Now, for the functions themselves.
Remember that these instantiations only set up the lookup tables for `format_untyped`, so they're likely to be inlined into the caller---though I've inhibited that with the `[[gnu::noinline]]` attribute, to sum up the figures for this post.

:::: details

::: summary

List of instantiations of the new `fmt::format`

:::

::: details-content

```cpp
0x3f <>
0x47 <Format_Hex>
0x47 <bool>
0x47 <char [128]>
0x47 <char [20]>
0x47 <char [32]>
0x47 <char const*>
0x47 <char*>
0x47 <double>
0x47 <float>
0x47 <int>
0x47 <unsigned int>
0x47 <unsigned long>
0x49 <Writer::Chunk*, unsigned long long>
0x49 <char [128], char const*>
0x49 <char const*, Entity_Id>
0x49 <char const*, Vec2i>
0x49 <char const*, Vec3>
0x49 <char const*, char [80]>
0x49 <char const*, char const*>
0x49 <char const*, char*>
0x49 <char const*, unsigned int>
0x49 <int, char [32]>
0x49 <int, char const*>
0x49 <int, int>
0x4e <Writer::Chunk*, unsigned long long, char const*>
0x4e <char [32], char const*, char const*>
0x4e <char const*, int, char const*>
0x4e <char const*, int, int>
0x4e <int, int, char const*>
0x4e <int, int, int>
0x53 <char const*, int, int, char const*>
0x53 <int, char const*, int, int>
0x5d <char const*, int, int, unsigned int, char const*>
0x5d <int, int, int, int, char const*>
```

:::

::::

That's 2611 bytes of machine code, and summing it up with the space taken up by lookup tables, comes out at 3187 bytes in the executable.
That's *61.7%* the size of the previous version---quite a hefty save!
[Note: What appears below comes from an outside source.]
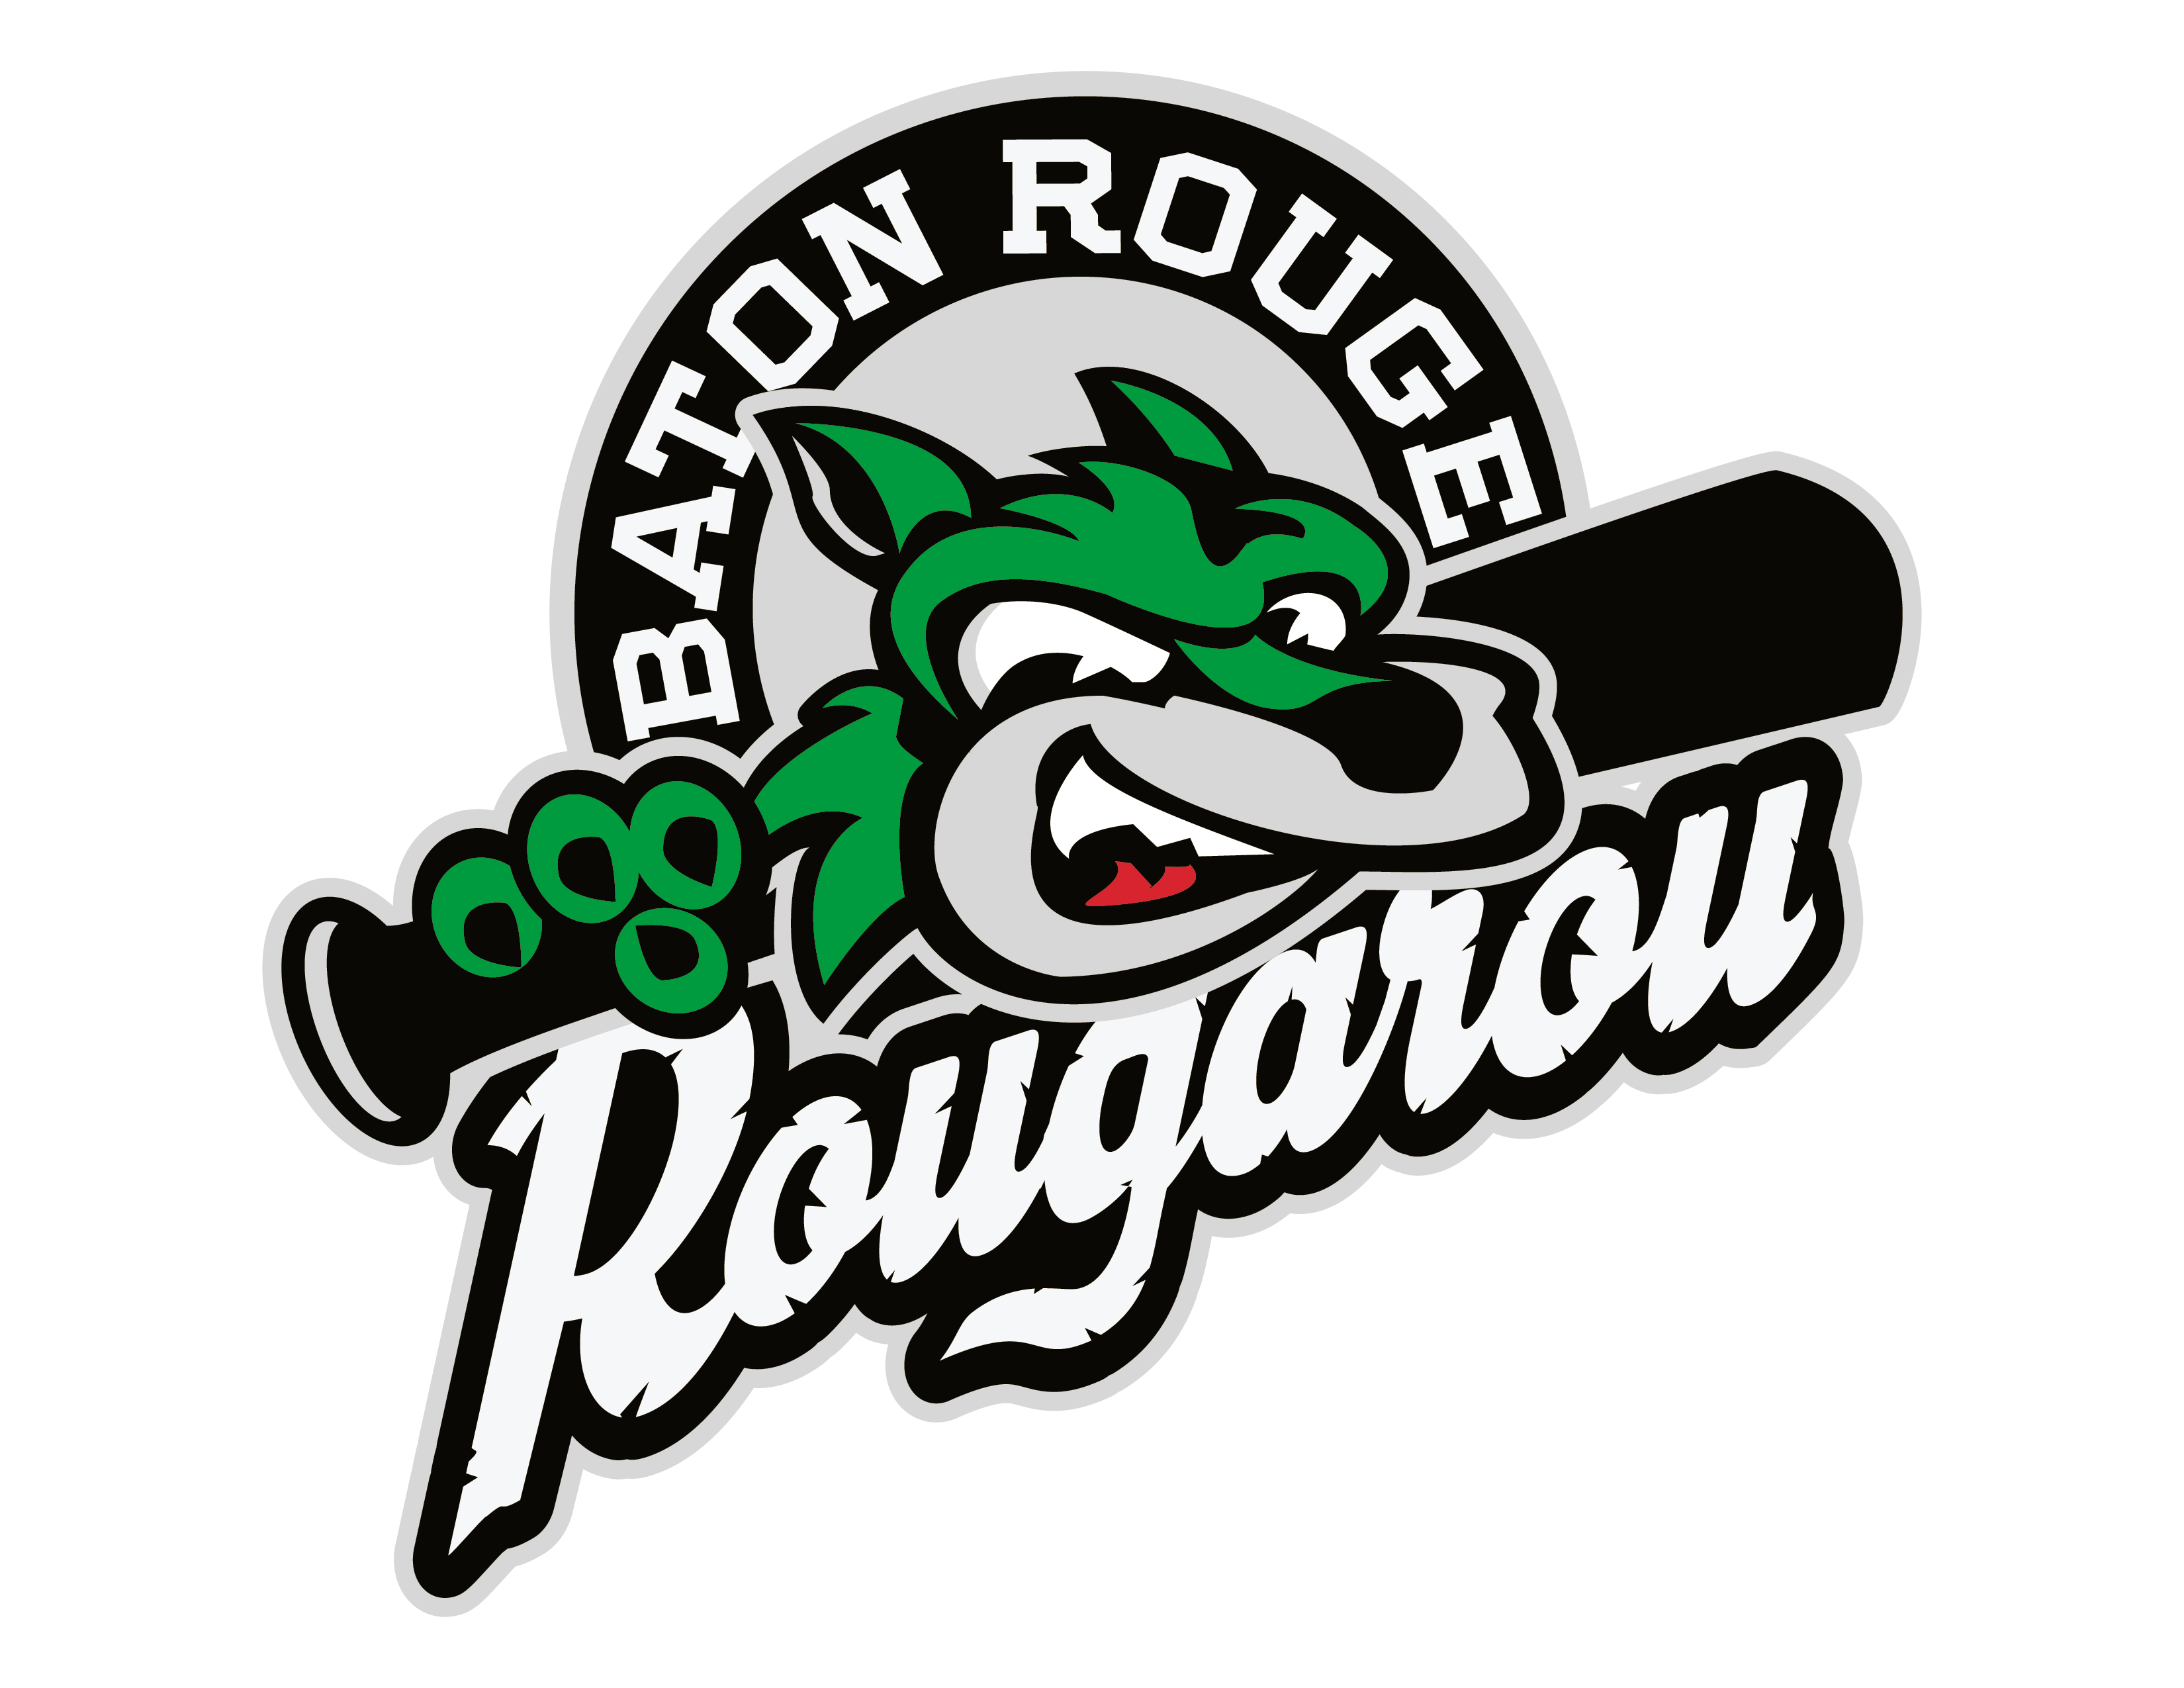 Baton Rouge Rougarou Logo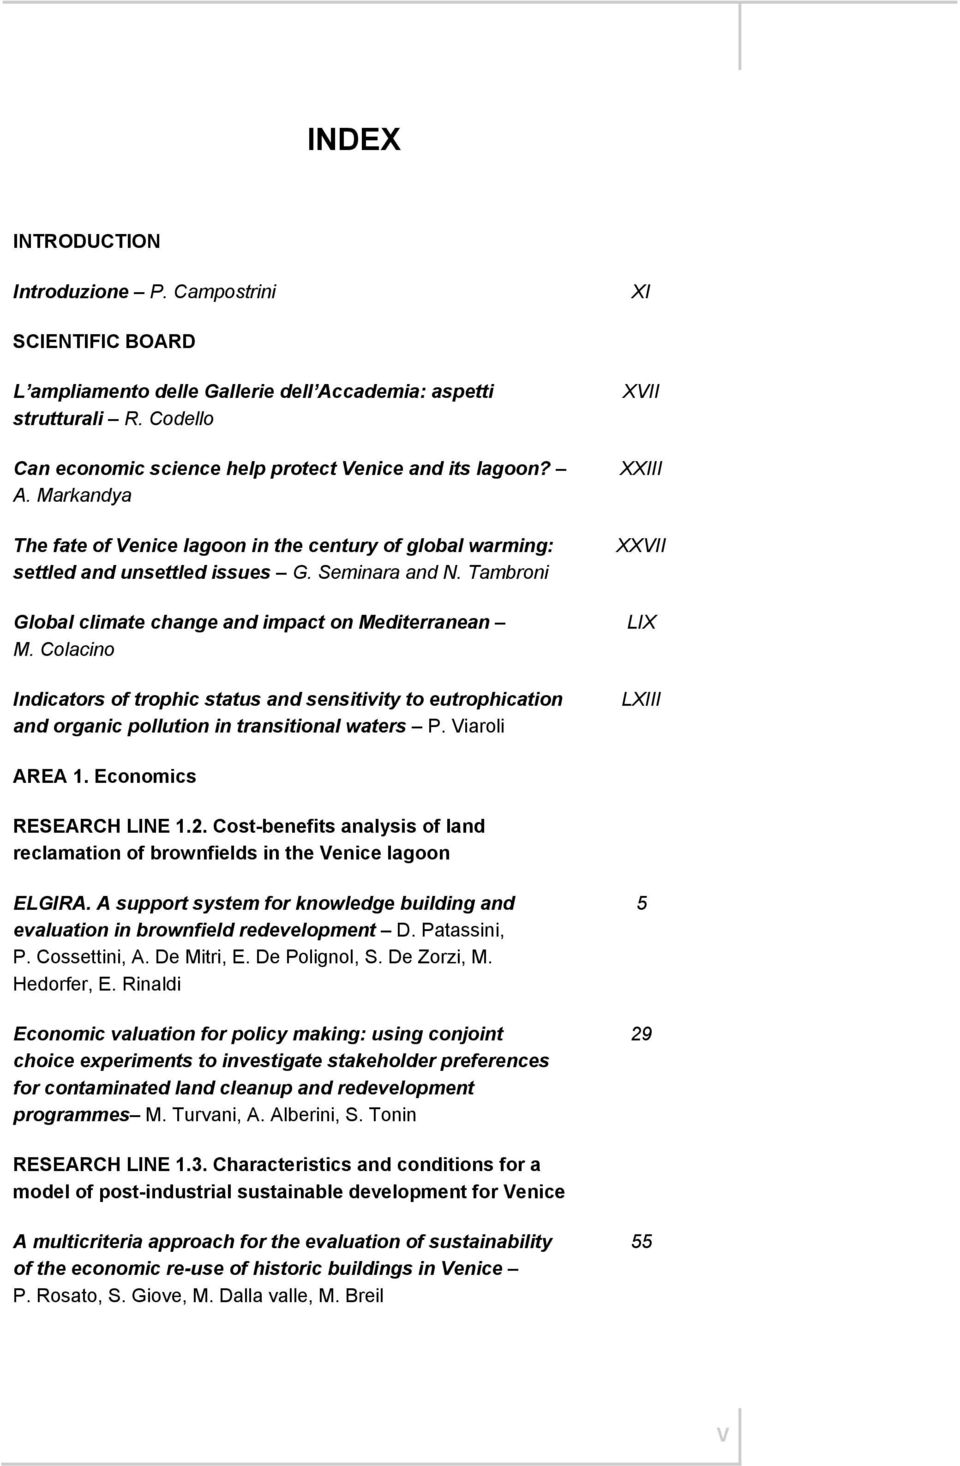 Colacino Indicators of trophic status and sensitivity to eutrophication and organic pollution in transitional waters P. Viaroli XVII XXIII XXVII LIX LXIII AREA 1. Economics RESEARCH LINE 1.2.

And this would only multiply in larger codebases.
Imagine the megabytes of disk space saved if a refactor of this scale were done on the Unreal Engine...


### C version

It feels to me like with a bit of elbow grease, this library could be adapted to plain old C as well.

You would have to replace the template bits with macros and `...` / `va_list` though, and I'm not entirely sure how to resolve types into functions---feels like C11 `_Generic` could be of help.

The worst part would probably be emulating the parameter packs, because the preprocessor doesn't make it easy to transform the individual elements in a `__VA_ARGS__` list---but it [seems possible](https://github.com/pfultz2/Cloak/wiki/C-Preprocessor-tricks,-tips,-and-idioms), if a bit horrid.

Maybe in another post.

---

Thank you once again to my friend Tori for giving feedback on a draft of this post!